Tuesday, February 28, 2017

Upgraded wifi speeds are great

So I recently upgraded to 100+ MBit/s internet access, after navigating Comcast's purchasing process. However, not everything can support those sorts of speeds. So, I purchased an Intel PCI card that can handle gigabit speeds, for my old XPS-8300, and also a new wireless adapter (AC, dual-band). The PCI card has been a disappointment, not being able to pull down more than 20 Mbits/s, but the wifi has been much better, getting an average of 114 Mbit/s down and the same ~5 mbits/s up. It also has Bluetooth, which is fun to use for the first time ever.

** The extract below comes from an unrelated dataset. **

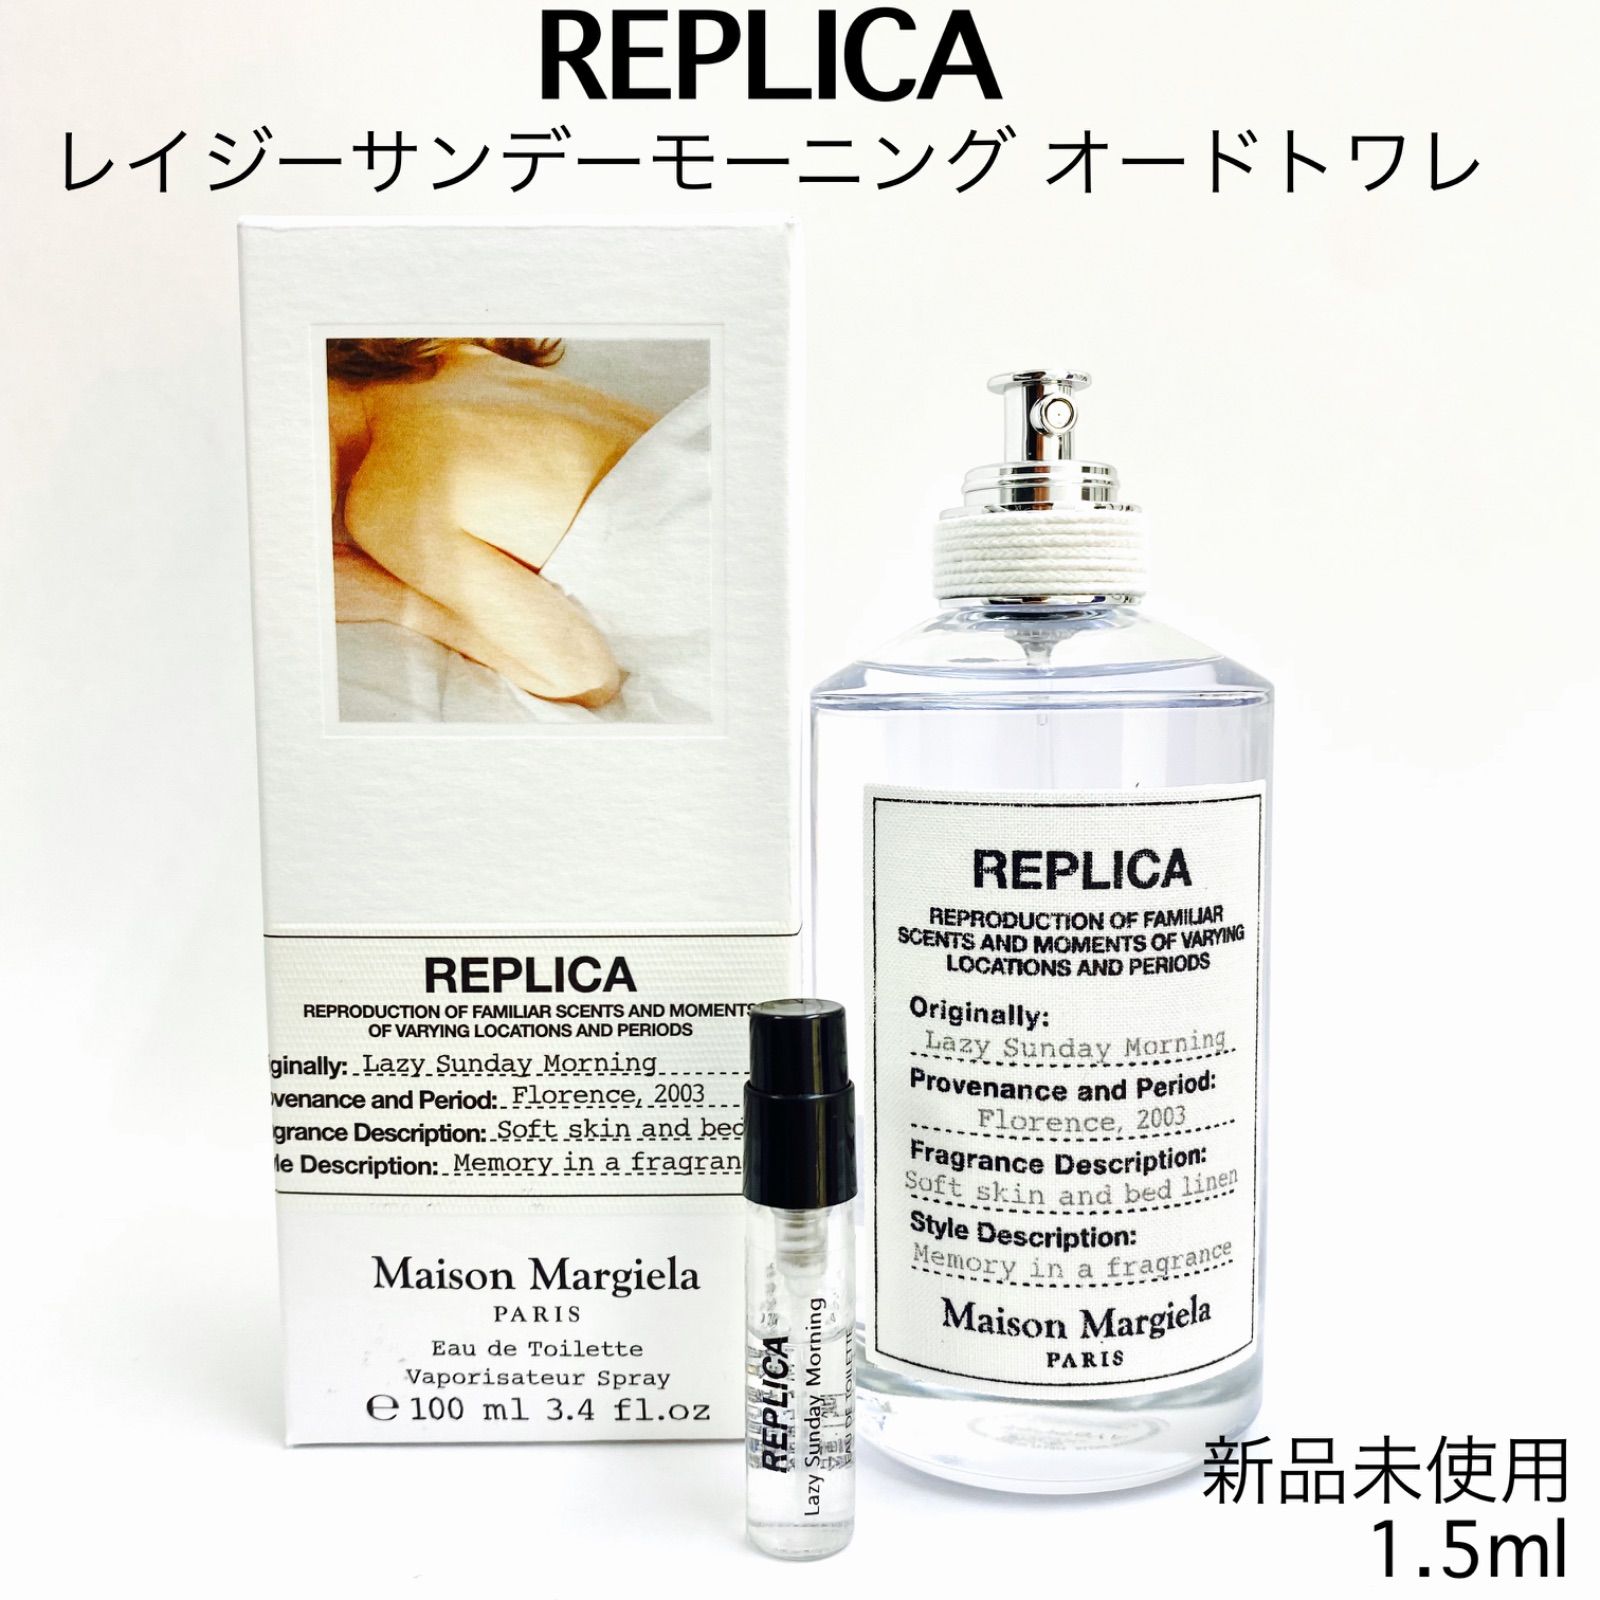 Maison Margiela レイジーサンデーモーニング 1.5ml 香水

Unfortunately, there have been strange issues with maintaining access to the network on the new cards. Sometimes connections get dropped on the 5 GHz network. For now, I'm attempting to alleviate that issue by restricting the 5GHz connection to 20 MHz spread instead of 40, which drops the speed to around 80 Mbits/s but also gives me channel 165 (center frequency 5825 MHz) all to myself to avoid interference from neighboring traffic.

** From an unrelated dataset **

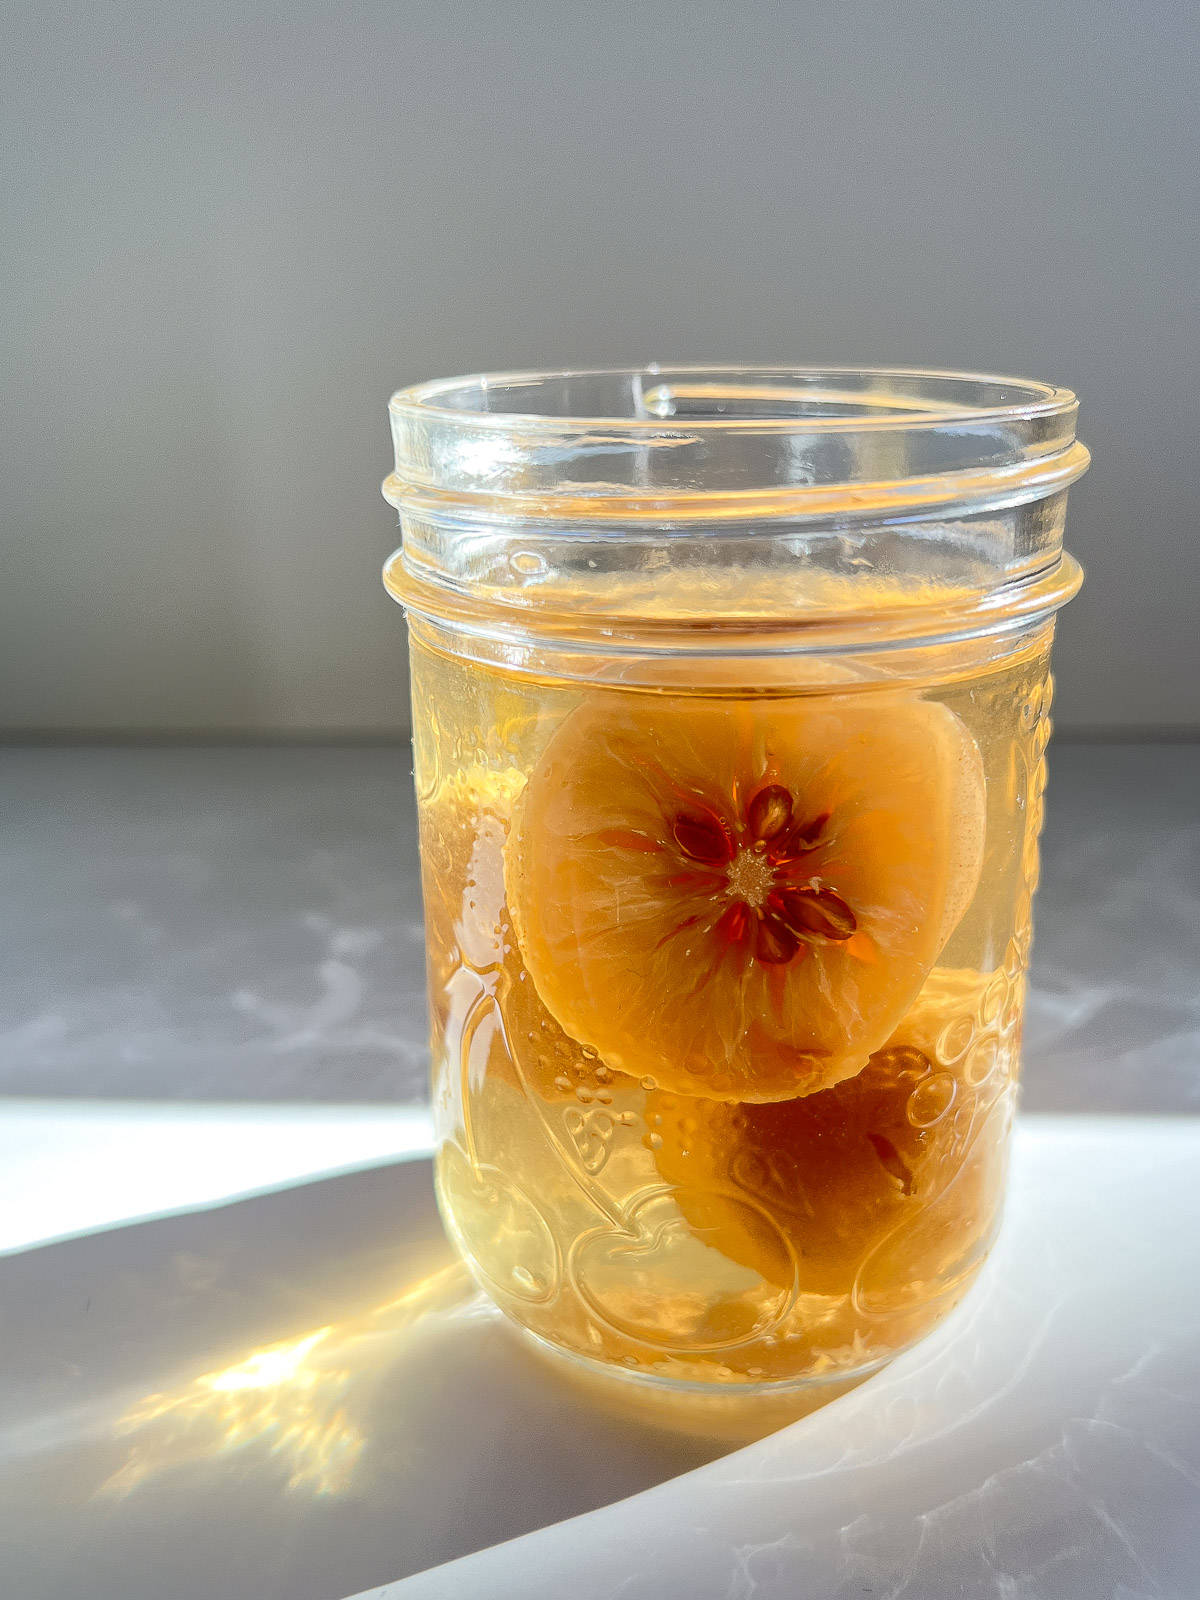 Preserved lemons in a jar.

The new Lenovo Thinkpad T460p laptop also has a persistent issue across several Linux kernels, in that the wireless chip is not supported by a recent kernel version (4.6 or 4.7), leading to the wifi just dropping out unexpectedly for a few moments, every six-seven minutes. That's unacceptable. There are some fixes, but they're not good enough, so I've been trying out different OSes, keeping in mind potentially putting VMWare Workstation on the final result. For now Fedora KDE is installed, but I may try debian as the fix to the iwlwifi driver there might work better.

Worst comes to worst, I'll try RHEL and put VMWare workstation on it for the VMs. I purchased the machine for pentesting in VMs, for general VM practice, and not much else, therefore it doesn't matter what runs underneath.